Sometimes pricing your products seems like an adventure into a strange new world. The process can seem too complicated for anyone but a rocket scientist to comprehend. Our goal is to bring this process back to Earth for you by explaining some pricing basics.
How do you price your product now? Answers from businesses can vary from "less than our competition" to "the highest price my customer will pay." Either tactic has a negative side that can cost your company customers and profits. Because most of you are too busy to be rocket scientists in the pricing galaxy, we developed this series of steps to help you understand pricing - no space ship required.
1. DO YOUR HOMEWORK
Know Costs: There is no substitute for thoroughly understanding your product costs and the variability of those costs - that means the resources used to create, produce and market your product. Unless you know all your costs by product and by customer you could be losing, rather than making, money with each sale.
Understand Market Value: Realistically compare your company's product to your customer's expectations and perceptions. You must also understand your competition and trends in your target industry.
Set Objectives: Once you have a thorough understanding of your costs it's time to explore two of the ways your company can set pricing objectives. Generally, pricing philosophy is based on company goals such as:
Sales Growth - For a variety of reasons, such as immediate expansion needs, a company may set sales growth as an objective.
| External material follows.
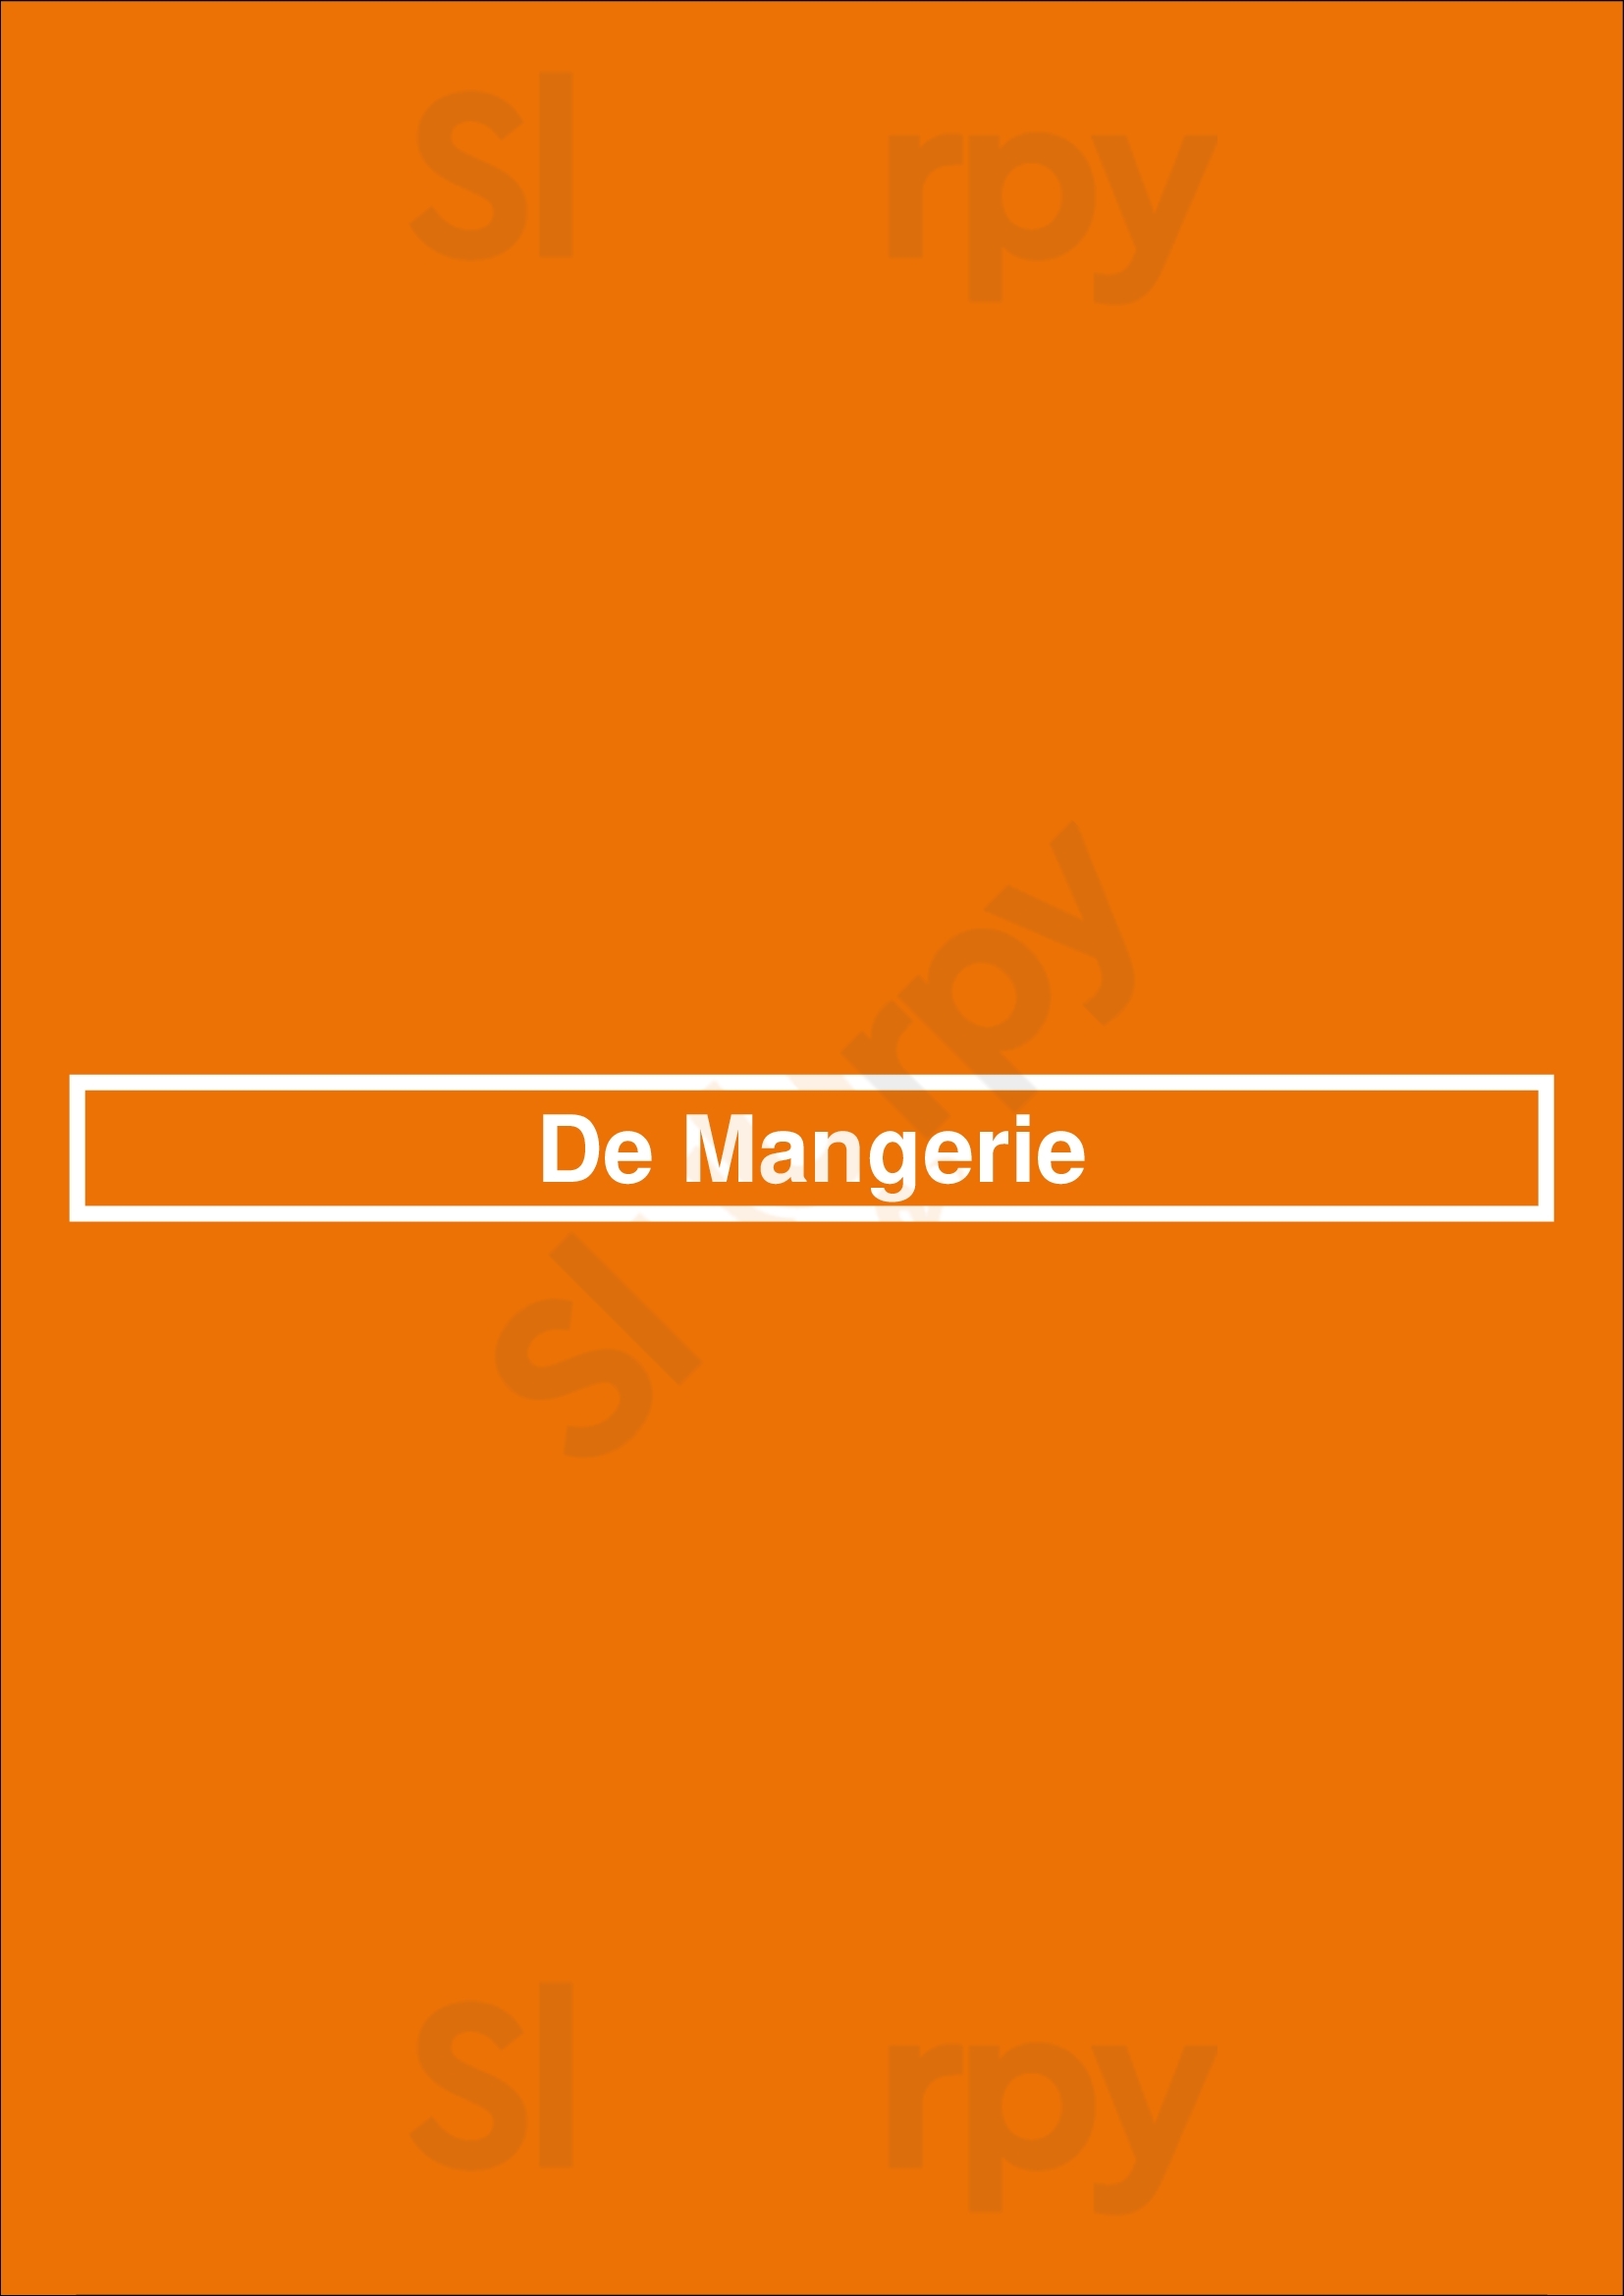 De Mangerie Hooglanderveen Menu - 1

When selecting this as an objective, it is critical to remember that higher sales do not automatically produce higher profits. In fact, sometimes the cost of expanding sales volume, such as increased costs of production, distribution or customer service, becomes so great that profits actually decrease.
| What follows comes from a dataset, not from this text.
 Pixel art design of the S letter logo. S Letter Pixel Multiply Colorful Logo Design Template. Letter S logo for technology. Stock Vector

Profit Growth - Frequently, corporate goals such as a targeted return on investment or a profit maximization philosophy necessitate a "pricing for profit" objective. Be sure you take both short and long-term profit goals into account when implementing this objective. Also, study the implications of each pricing change on the health of your business.
2. SELECT YOUR STRATEGY
It's now time to select your pricing strategy based on your costs, company objectives and the perceived market value of your product. Although strategies can become quite complicated and detailed, the following list discusses basic options most companies find useful. Your choice depends on an internal assessment of your company's objectives and an objective analysis of the market in which you compete.
Definition: Price is based on a product's total fixed and variable costs. Example: Typical pricing in commodity markets. For example, a commodity-type raw product such as steel is priced using a standard formula based on cost. Caution: If you use this exclusively, you must be able to stay in business with a very low profit margin. In noncommodity businesses, this option should be only one aspect of the total product pricing strategy.
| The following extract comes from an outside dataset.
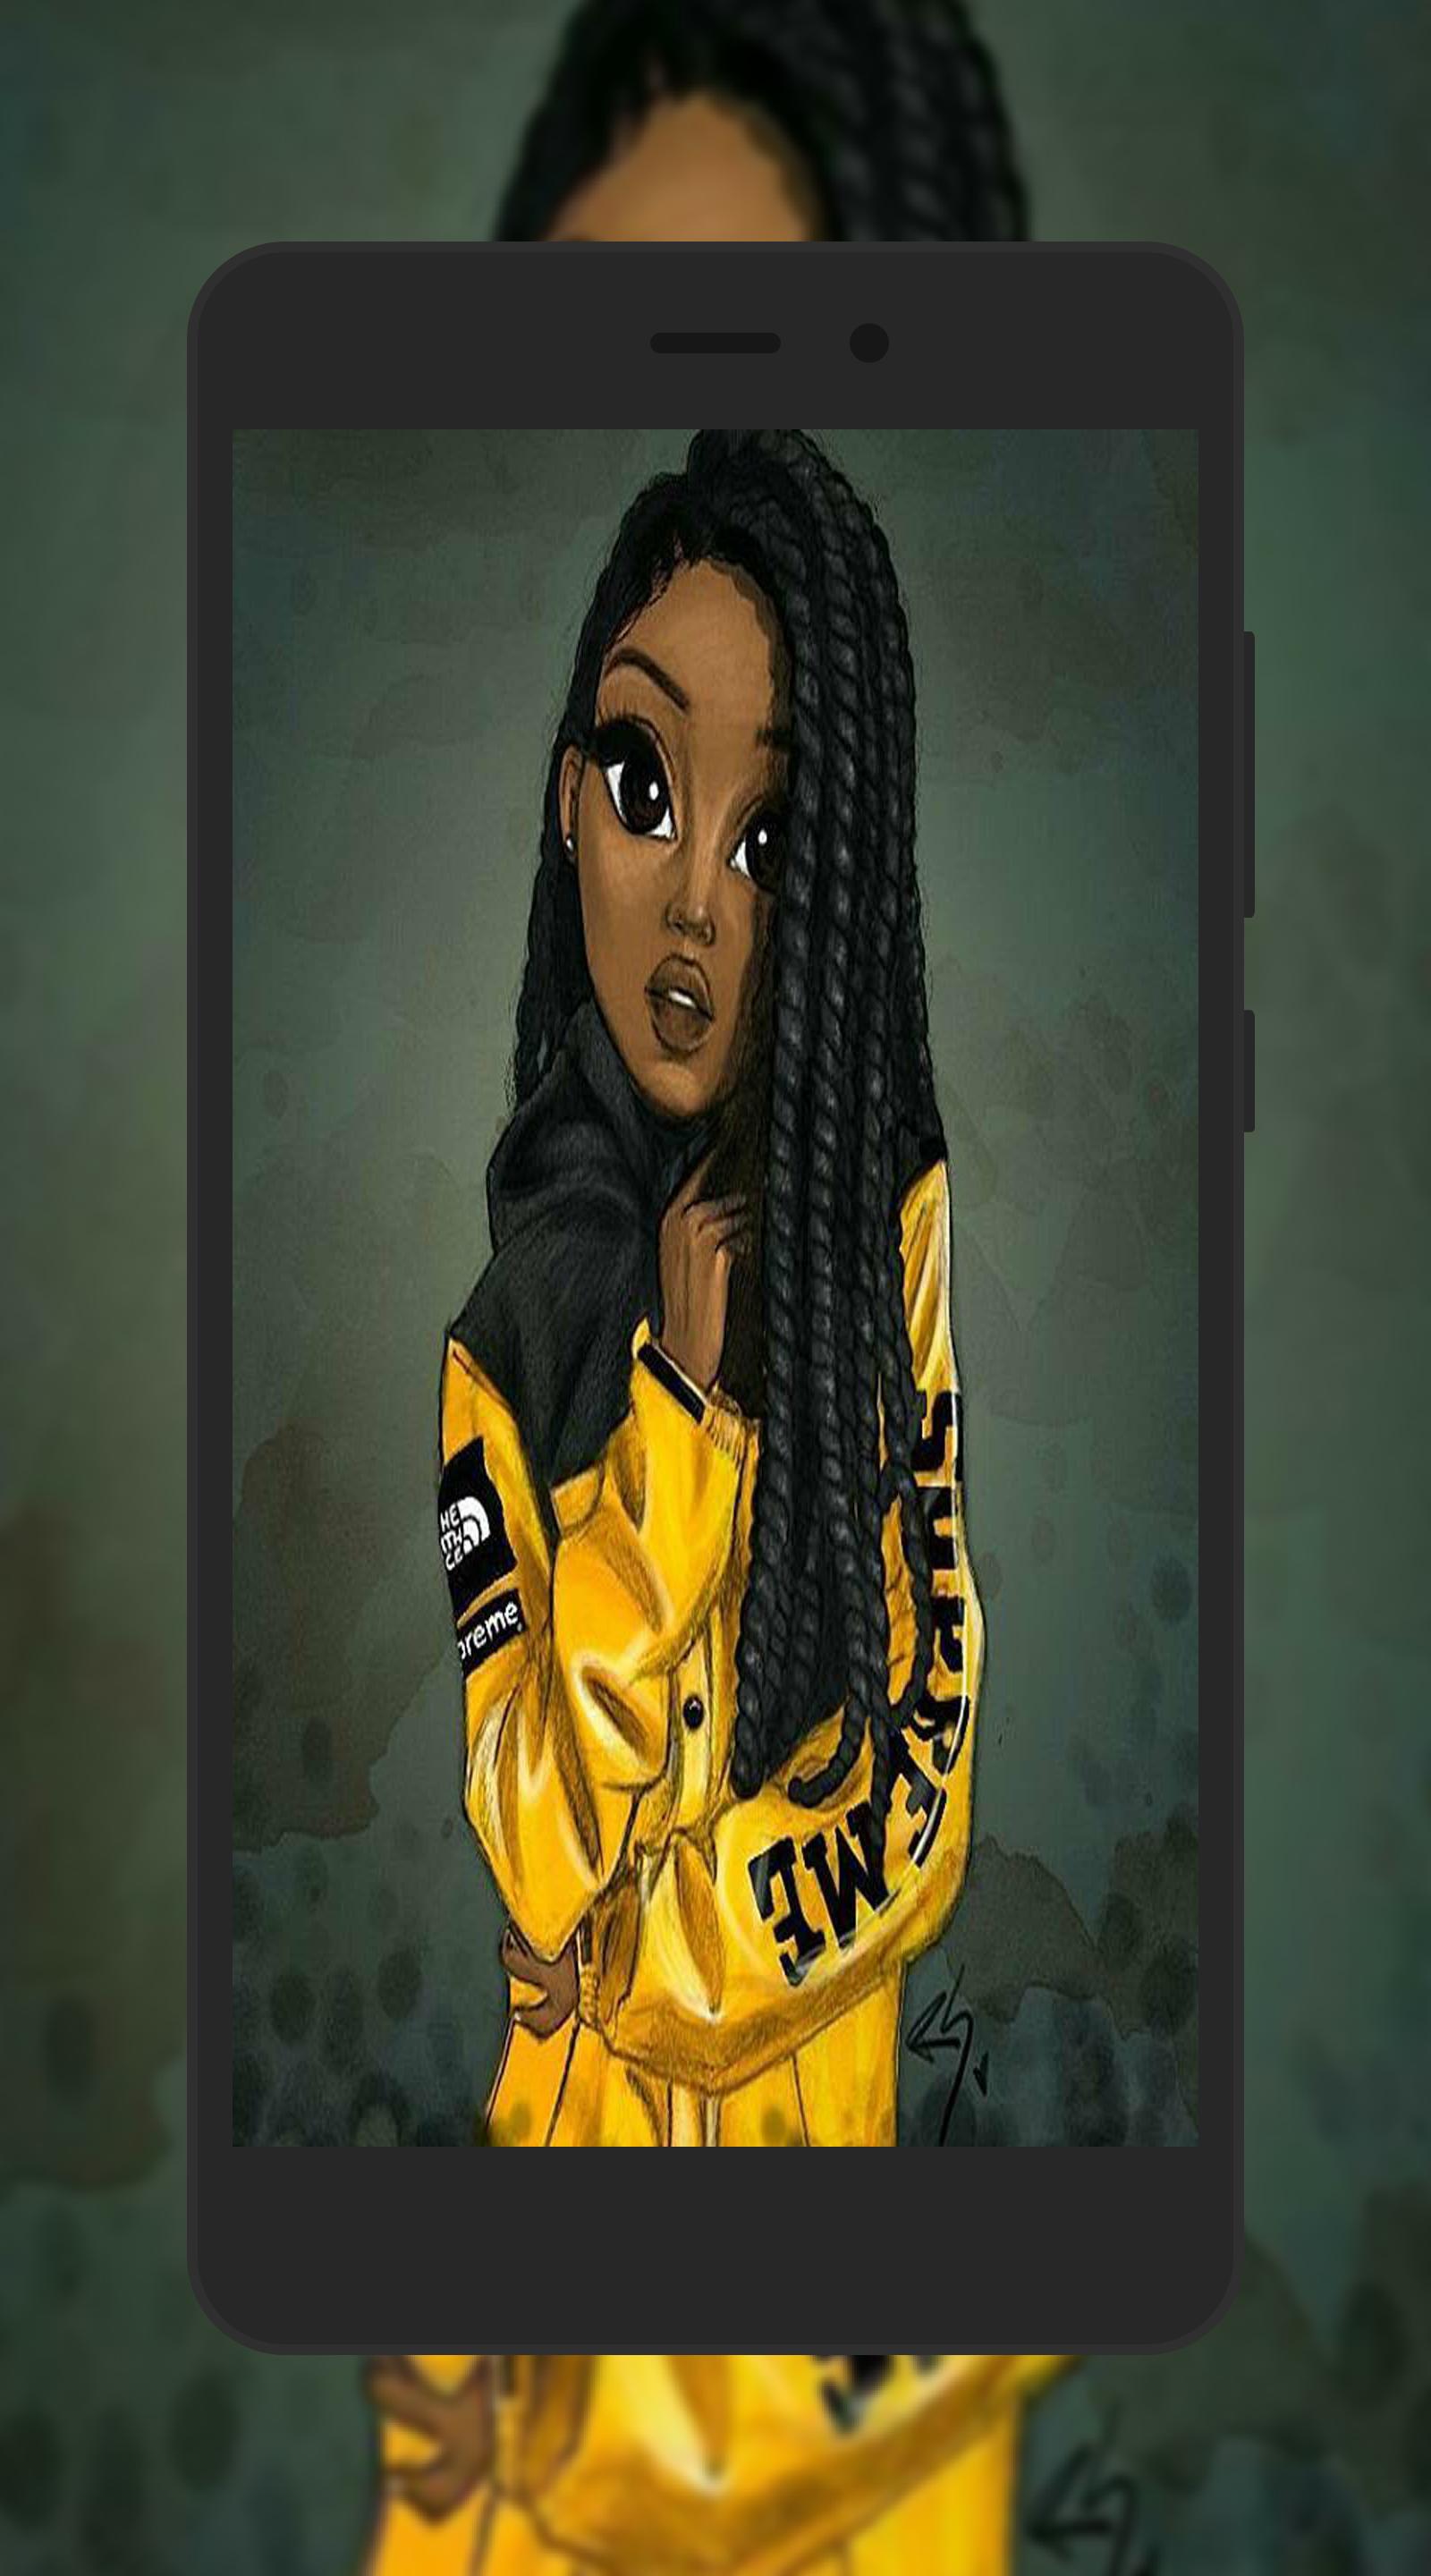 Black Queen Girly Wallpapers

Definition: Price depends upon your customers' perception of your products' value and the level of demand for your item. Your product must provide a unique benefit to your target market. Example: Your product has prestige appeal so it can be priced in a range well above the cost of production. For example, luxury cars and gourmet food have prestige appeal. Caution: Success depends on your knowledge of your customers and your market. You must have an uncanny skill for accurately estimating customer demand to avoid disappointing sale results.
Definition: Price is set in relationship to your competition's prices. In some cases this may be below cost and is usually indicative of a product that has no competitive edge. Example: You are caught in an industry "price war" where all products must compete on the basis of price or risk losing their market share. Caution: Your company's long-term goals may be sacrificed in the interest of competitive pricing. Also, you are at the mercy of the larger companies in your industry that can afford short-term losses in order to play this expensive game of war.
Definition: Gives your customer more quality for less than they expected to pay. Example: Used when you want to gain market share, position your product with customers, or obtain market acceptance of a new product. Caution: Product quality must be consistent and your company must operate efficiently for this to be an effective strategy. Using this strategy means that you understand your customers and competitors very well. In addition, you may find it difficult to raise prices to more profitable levels once your initial distribution goal is achieved.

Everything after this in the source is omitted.